Activation of central melanocortin receptors by MT-II increases cavernosal pressure in rabbits by the neuronal release of NO

Rao Vemulapalli 1,*, Stan Kurowski 1, Brian Salisbury 1, Eric Parker 1, Harry Davis 1
PMCID: PMC1572913  PMID: 11739247

Abstract

  1. Melanotan-II had been reported to cause penile erections in men with erectile dysfunction. In the present study, we investigated the mechanisms by which systemic administration of MT-II increases intracavernosal pressure in anaesthetized rabbits.

  2. MT-II (10 μM) had no effect on electrical field stimulation-evoked relaxations of rabbit corpus cavernosal strips in vitro.

  3. Intravenous injection of MT-II (66 and 133 μg kg−1 elicited dose-related increases in cavernosal pressure. SHU 9119 (3 μg kg−1, i.v.), a non-selective antagonist of MC3 and MC4 receptors did not significantly affect either cavernosal pressure or systemic blood pressure but abolished the MT-II-induced increases in cavernosal pressure. SHU 9119 also inhibited the depressor response produced by MT-II.

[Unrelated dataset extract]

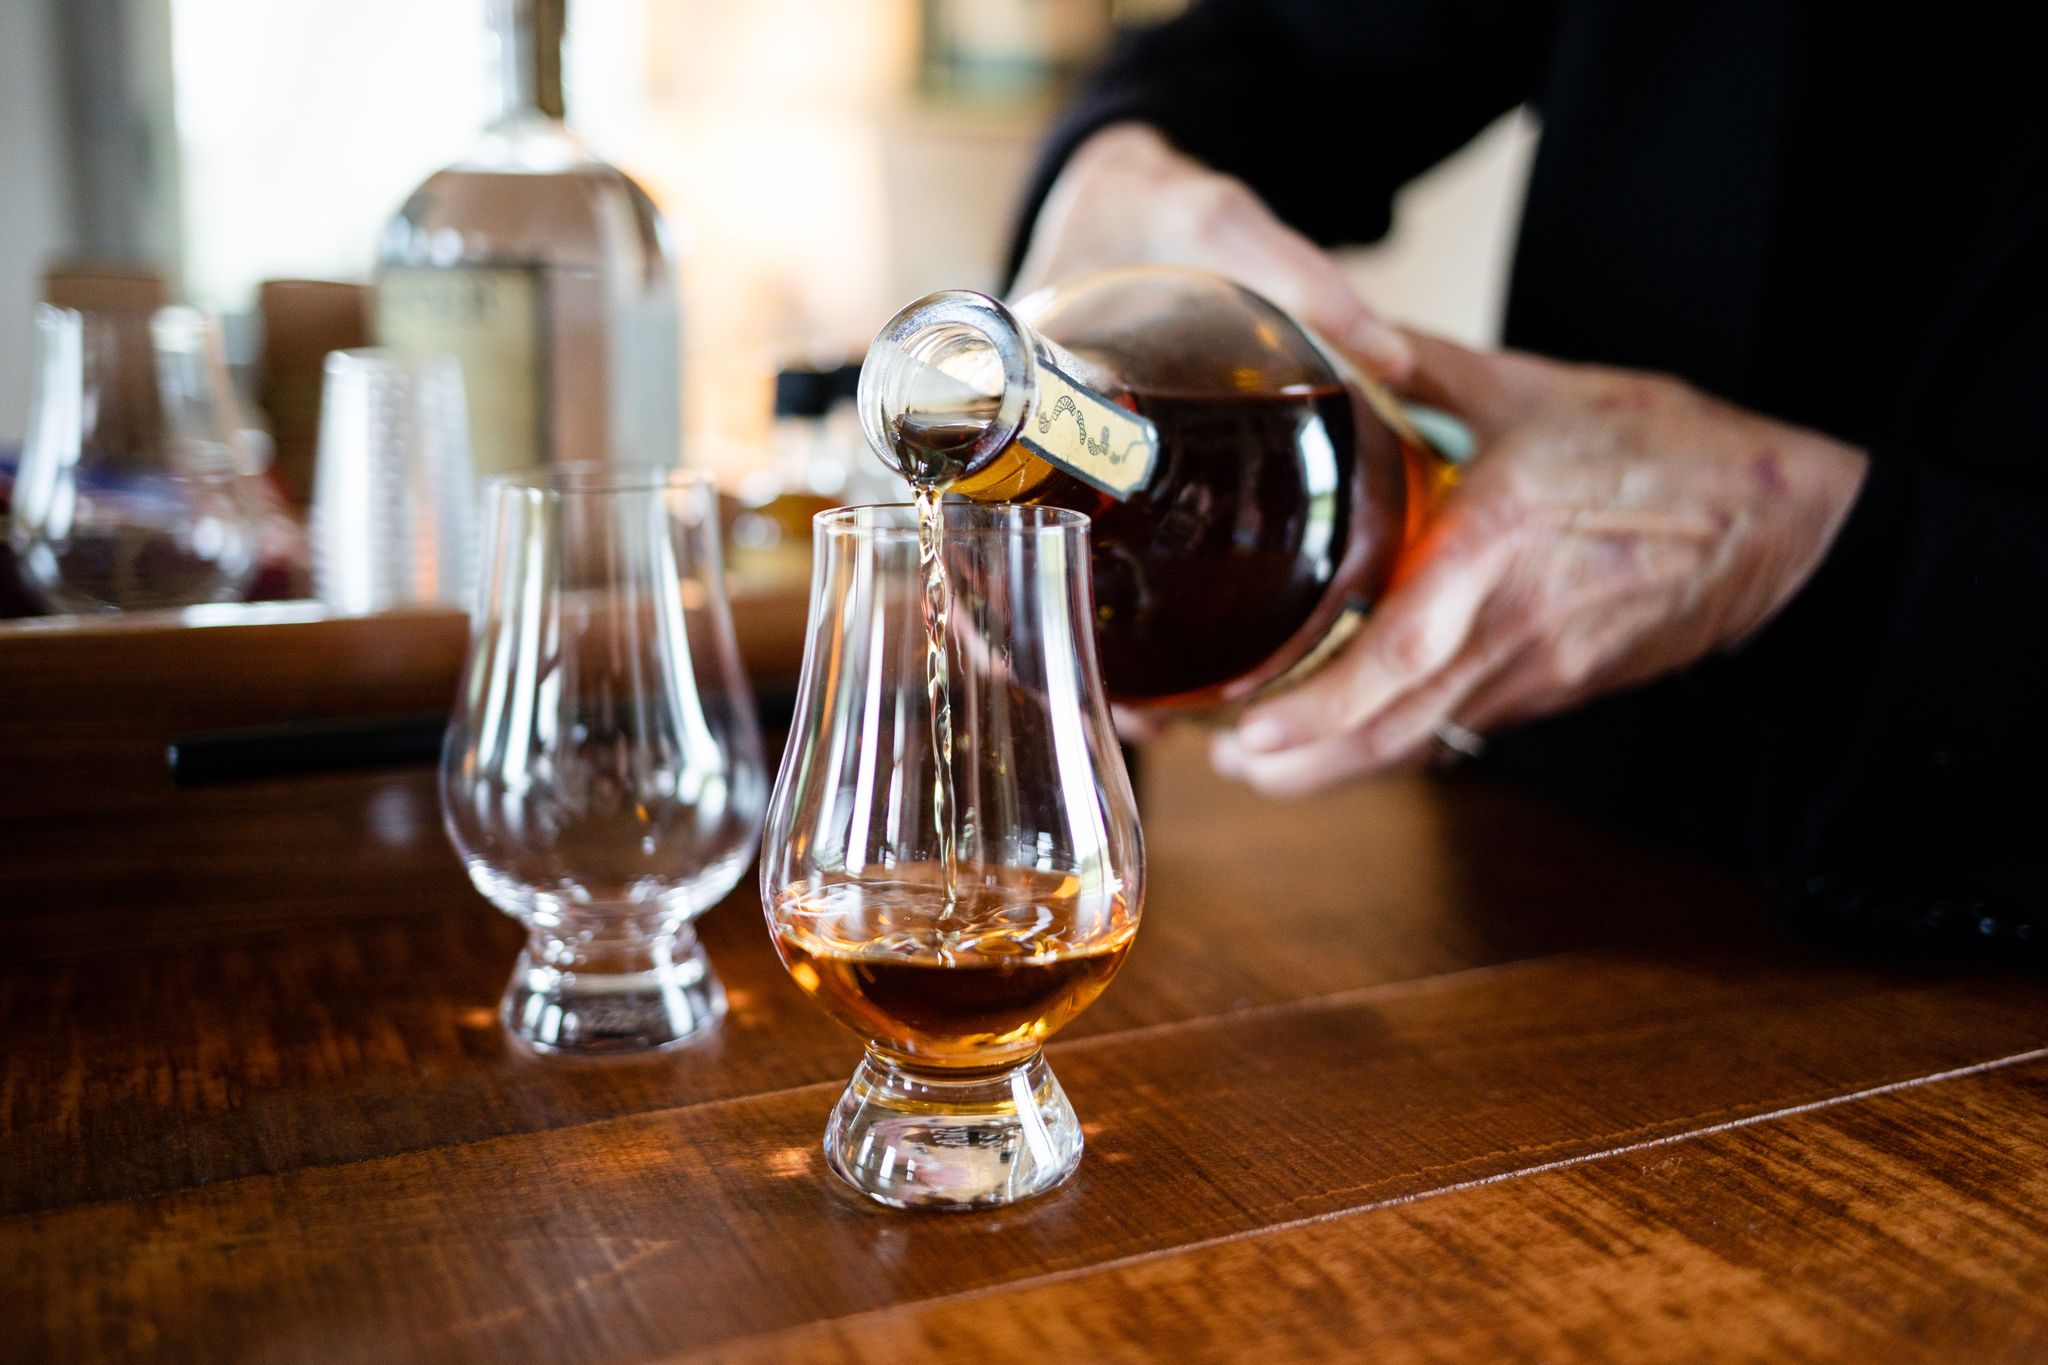 A woman pours Cooper's Cut whiskey into a tasting glass at Founding Fathers Distillery.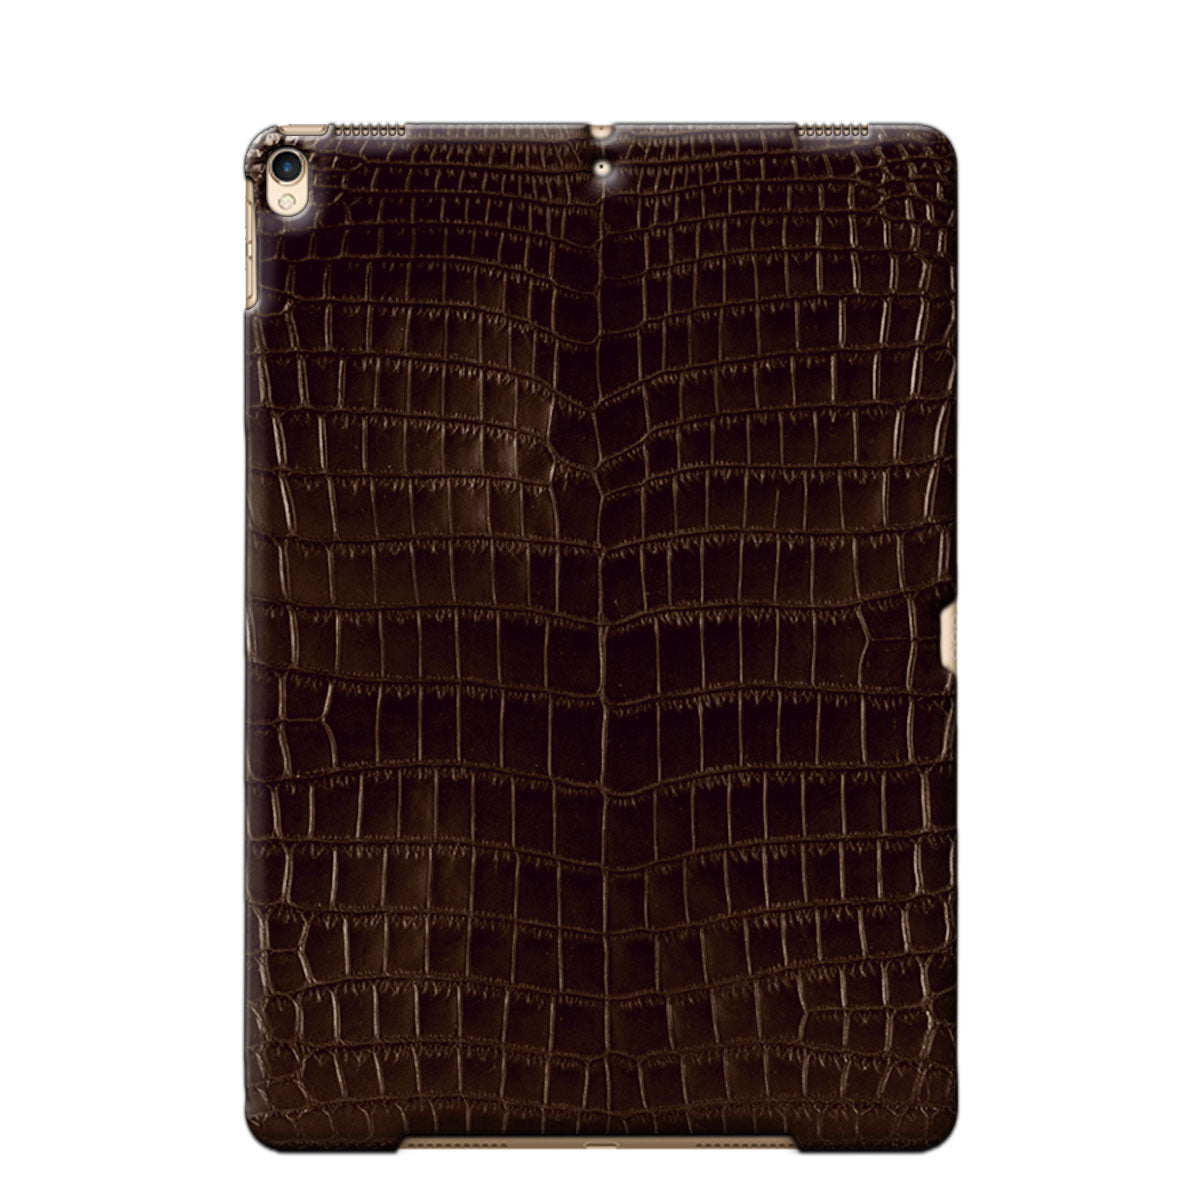 Leather iPad case / cover - iPad Pro 10.5 & 11 inches ( 2nd , 3rd & 4th generation ) - Genuine alligator

  4. Intracavernosal injection 100 μl of the cocktail containing phentolamine mesylate (1 mg ml−1), papaverine (20 mg ml−1) and PGE1 (20 μg ml−1) increased the cavernosal pressure by about 4 fold.

  5. The role of NO-cyclic GMP dependent pathway to MT-II-induced increases in cavernosal pressure was investigated by bilateral transection of the pudendal nerves and by inhibition of NO synthase with L-NAME (20 mg kg−1, i.v. over 30 min). Ablation of the pudendal nerves or pretreatment with L-NAME abolished the MT-II-induced increases in intracavernosal pressure in anaesthetized rabbits.

  6. The data suggest that activation of central melanocortin receptors by MT-II increases cavernosal pressure by the neuronal release of NO.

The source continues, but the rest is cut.